RAW DATA Start Marker
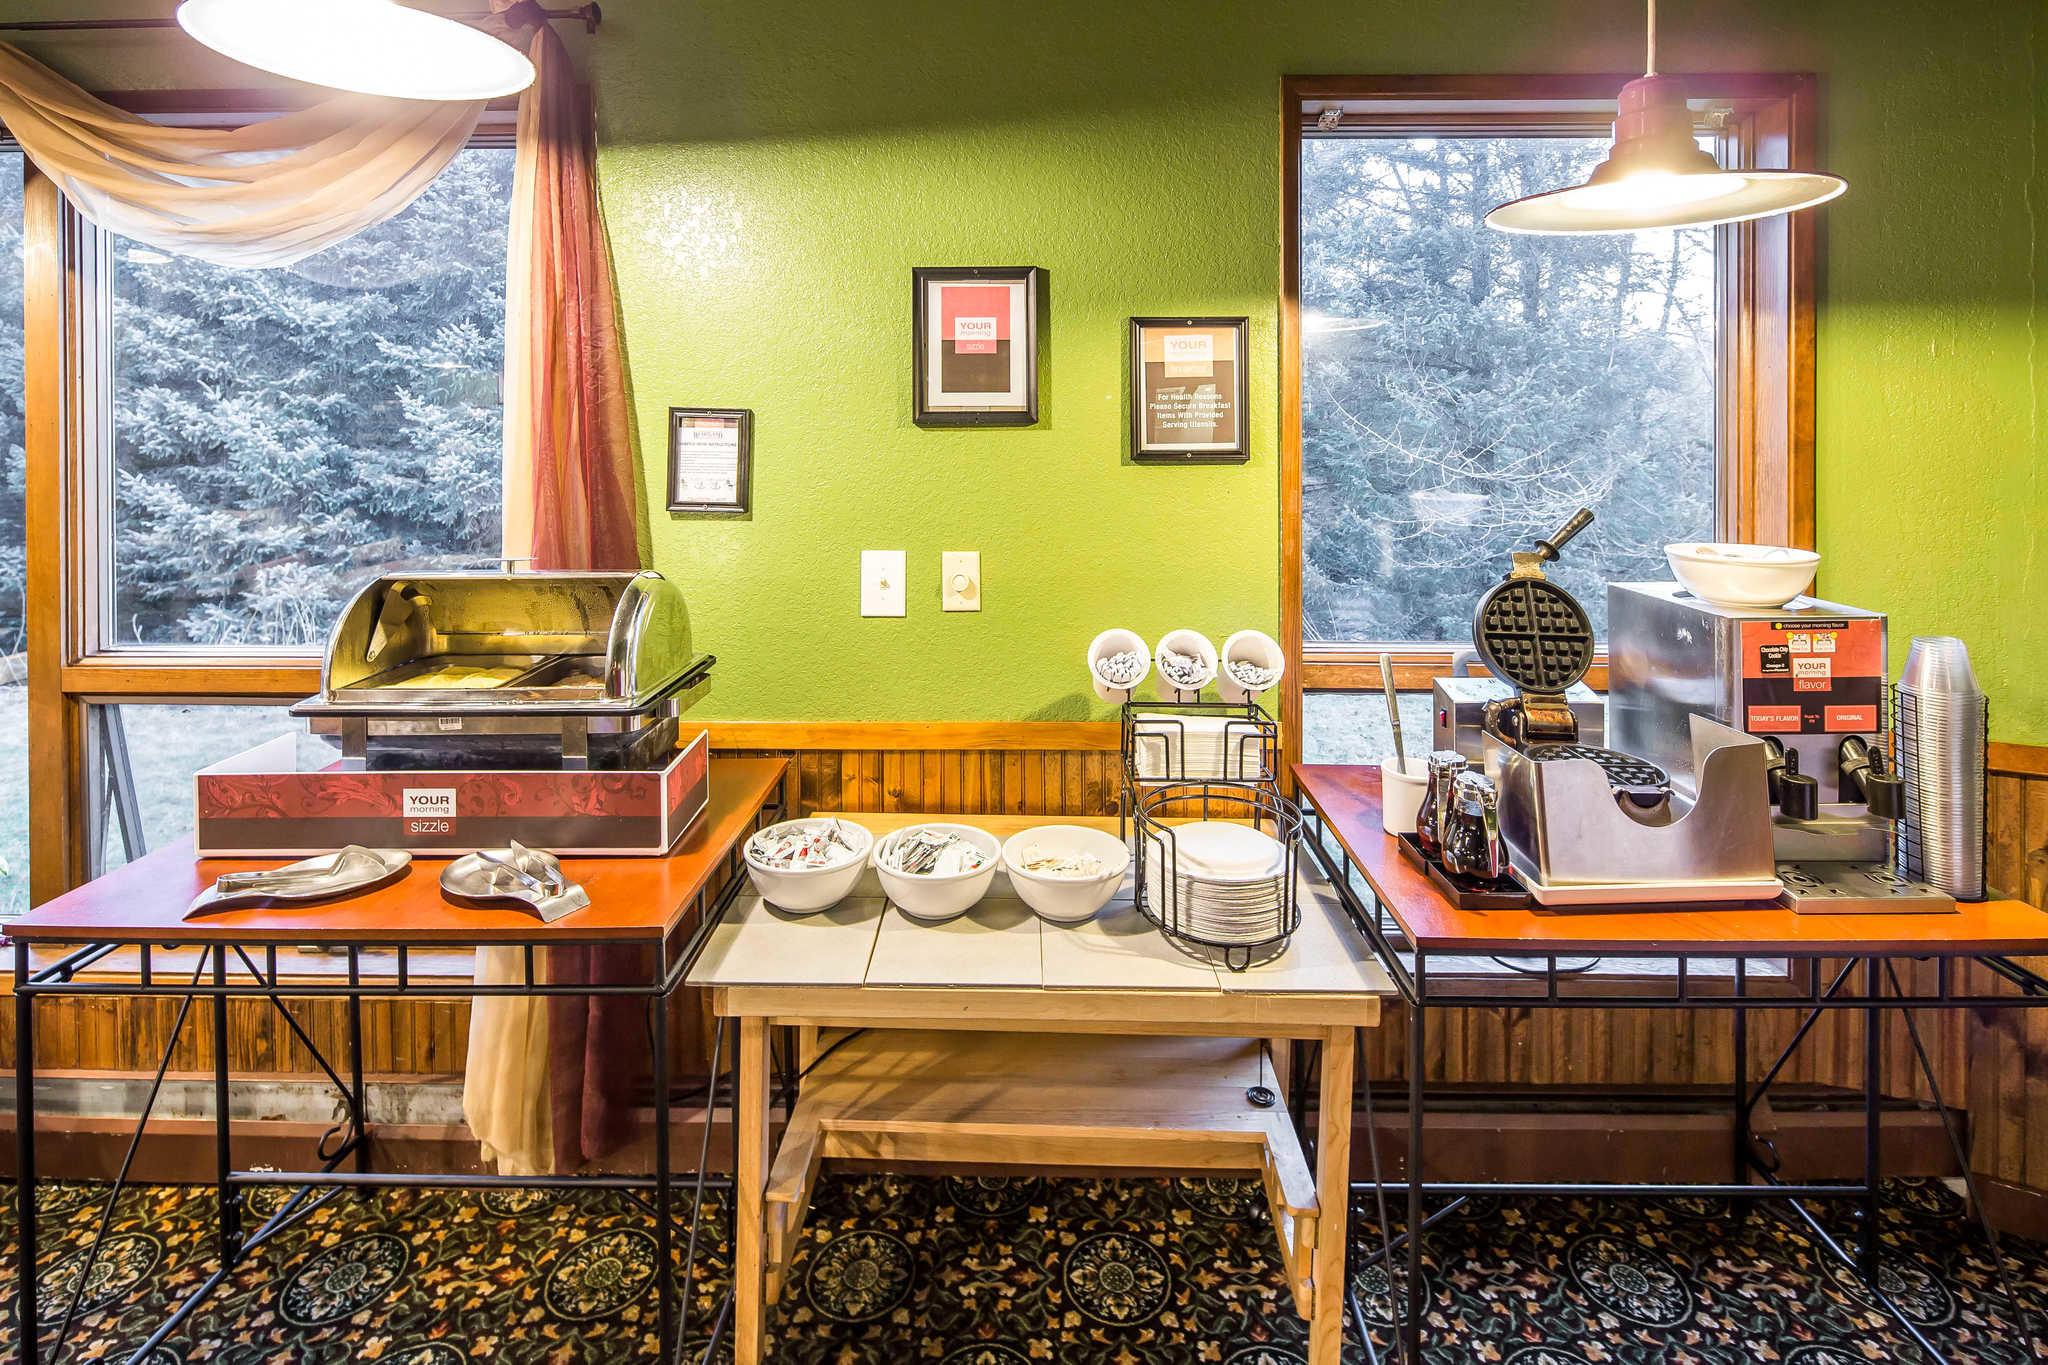 Comfort Inn, Kodiak Alaska (AK) - LocalDatabase.com
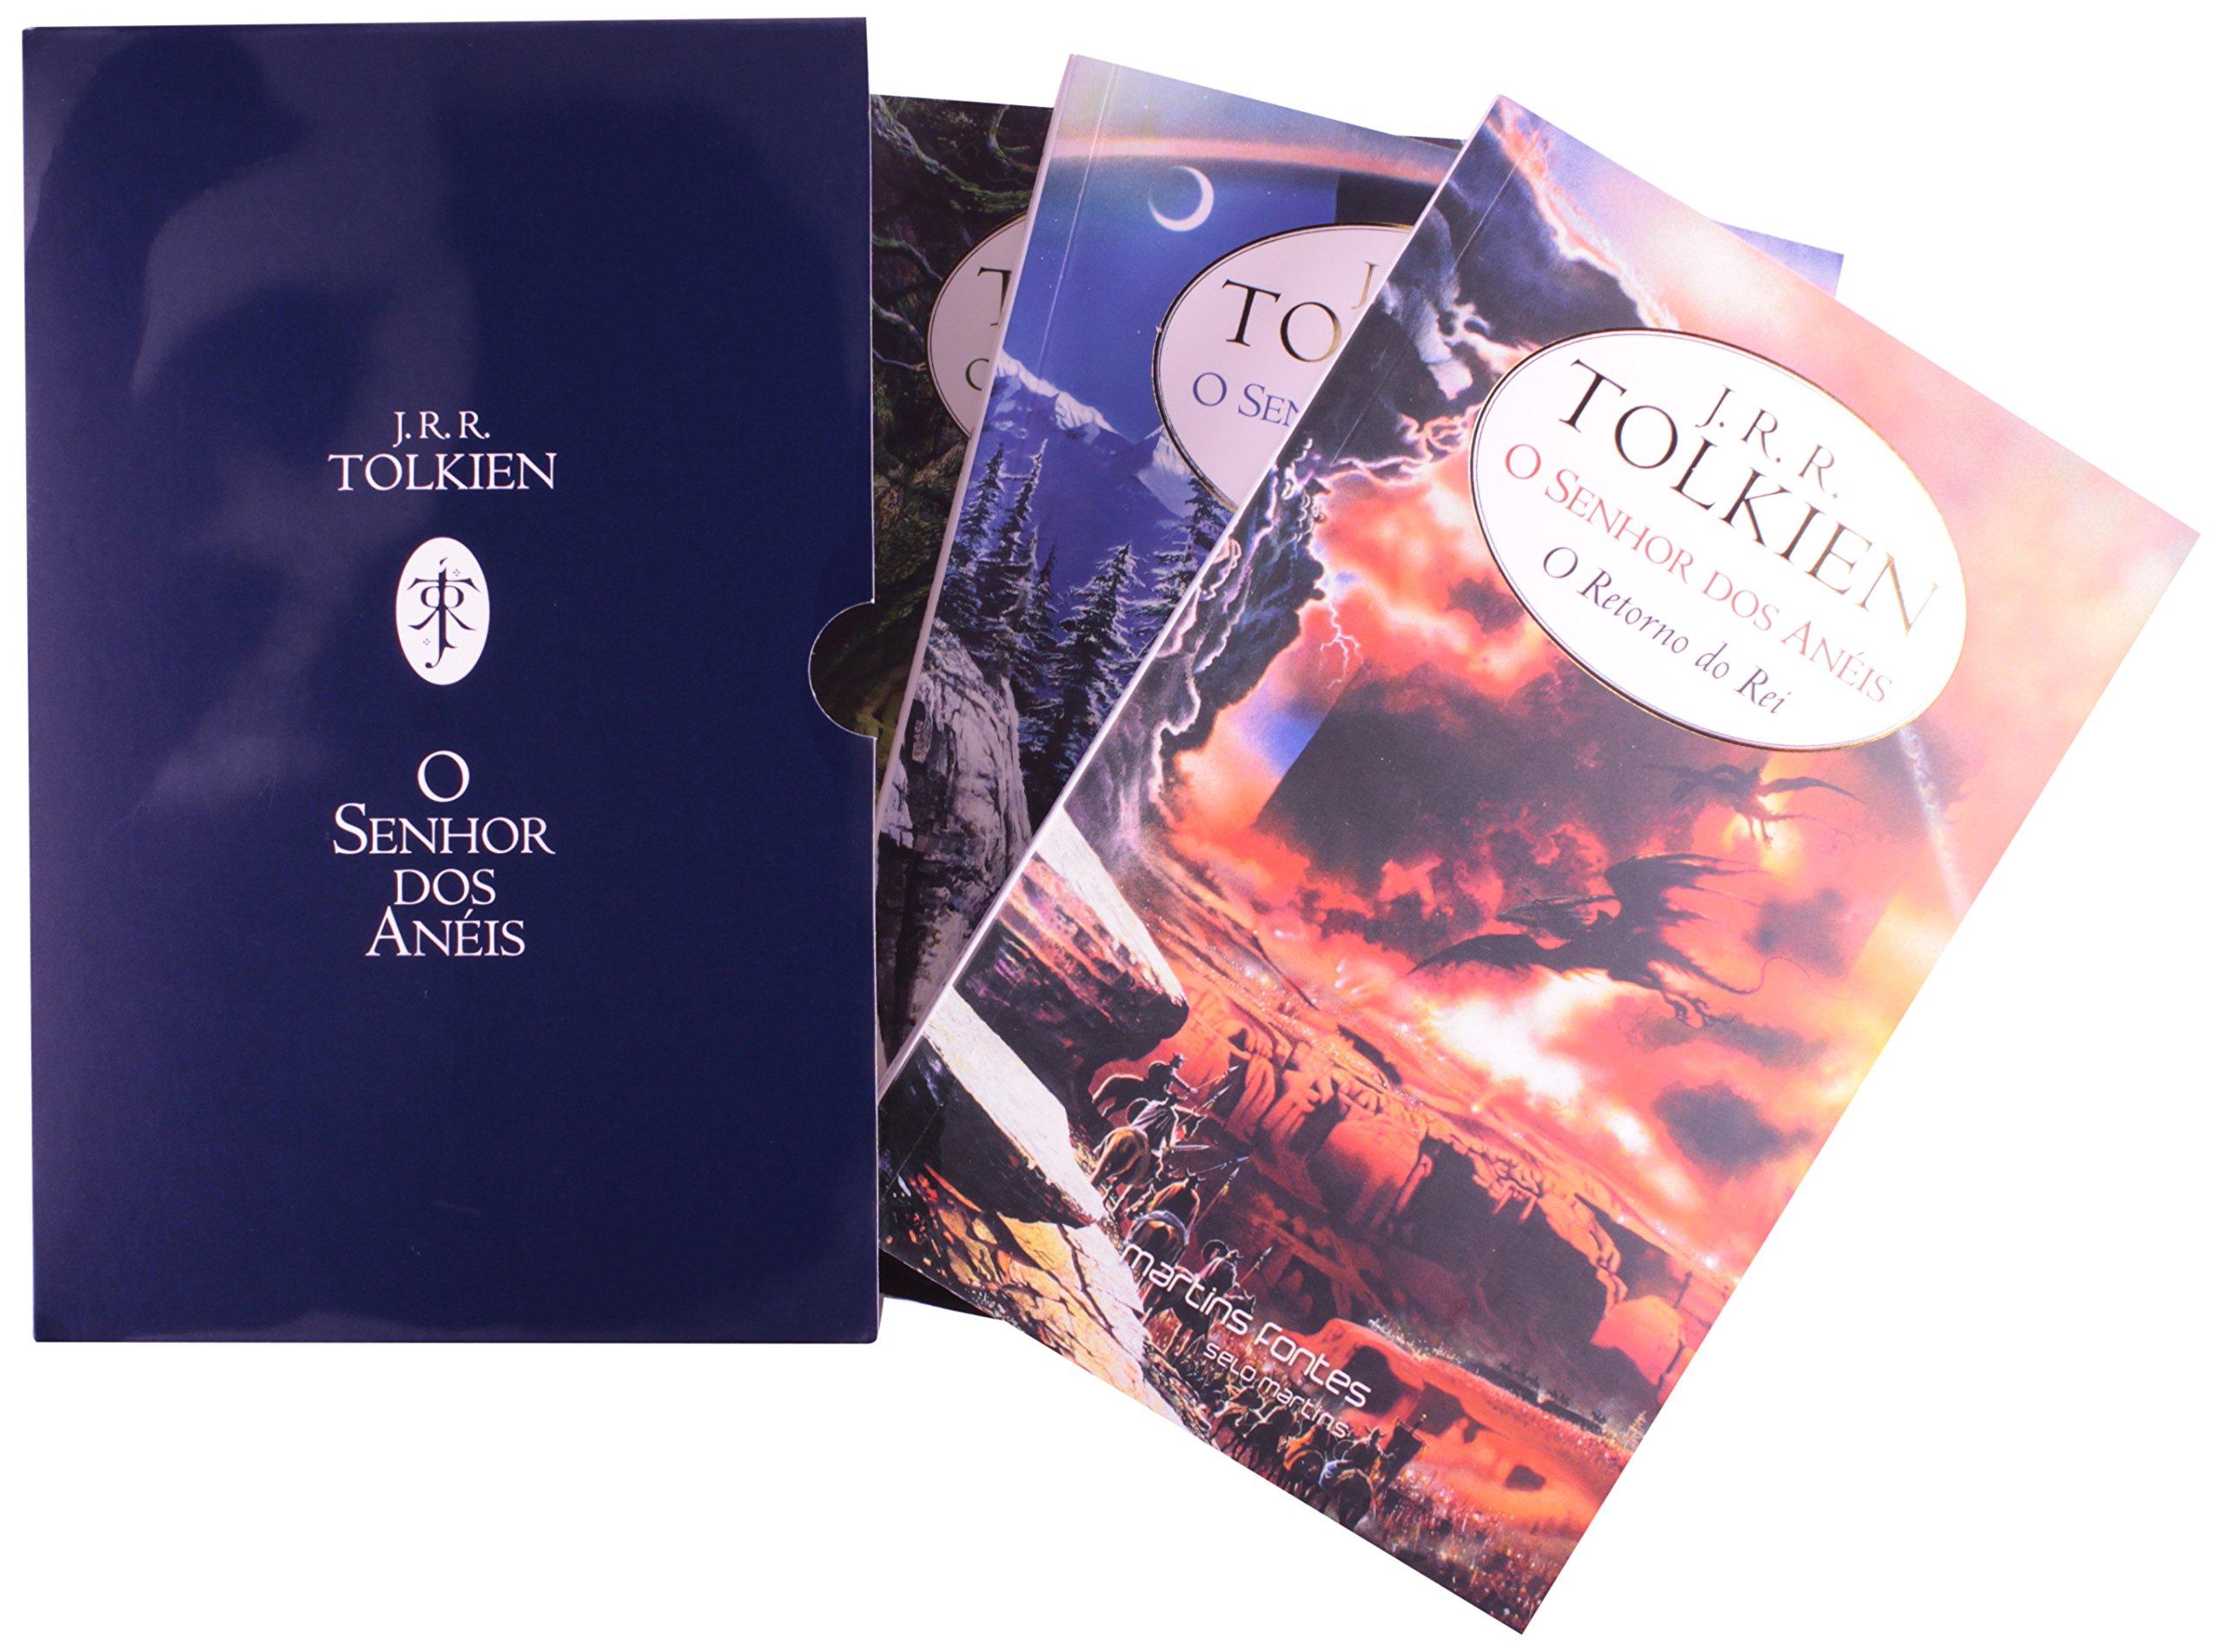 Senhor dos anis o j r r tolkien 9788533615670 amazon books fandeluxe Choice Image
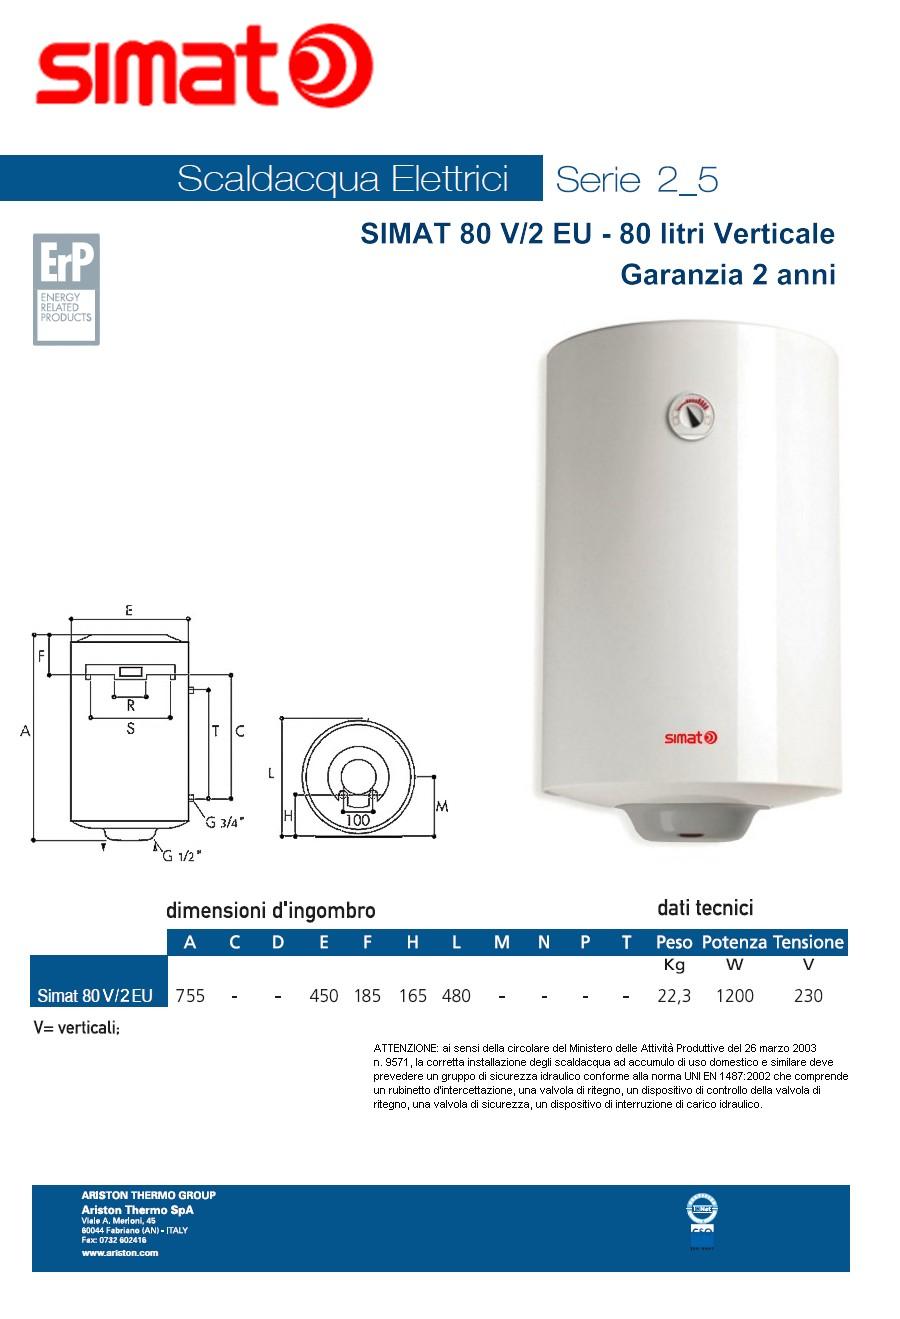 Scaldabagno elettrico simat by ariston 80 litri verticale - Scaldabagno elettrico 50 litri classe a ...
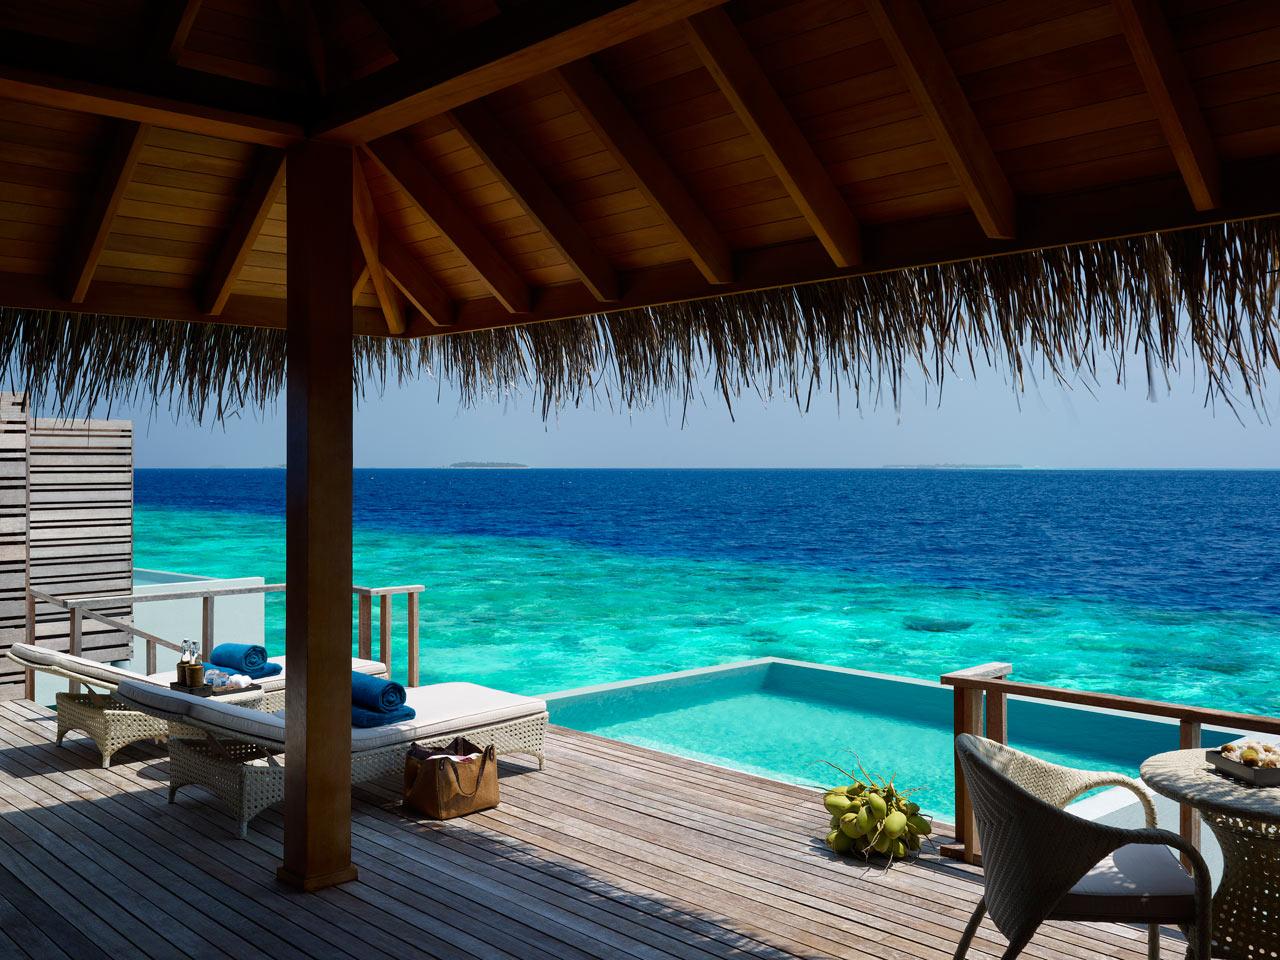 Dusit-Thani-Maldives-Hotel-Resort-7
RAW DATA End Marker
ABOUT THIS EXERCISE> Transcribe the whole listing exactly as it stands, apart from the pictures.

YOUR SOLUTION>
 Comfort Inn, Kodiak Alaska (AK) - LocalDatabase.com
 Senhor dos anis o j r r tolkien 9788533615670 amazon books fandeluxe Choice Image
 Scaldabagno elettrico simat by ariston 80 litri verticale - Scaldabagno elettrico 50 litri classe a ...
 Dusit-Thani-Maldives-Hotel-Resort-7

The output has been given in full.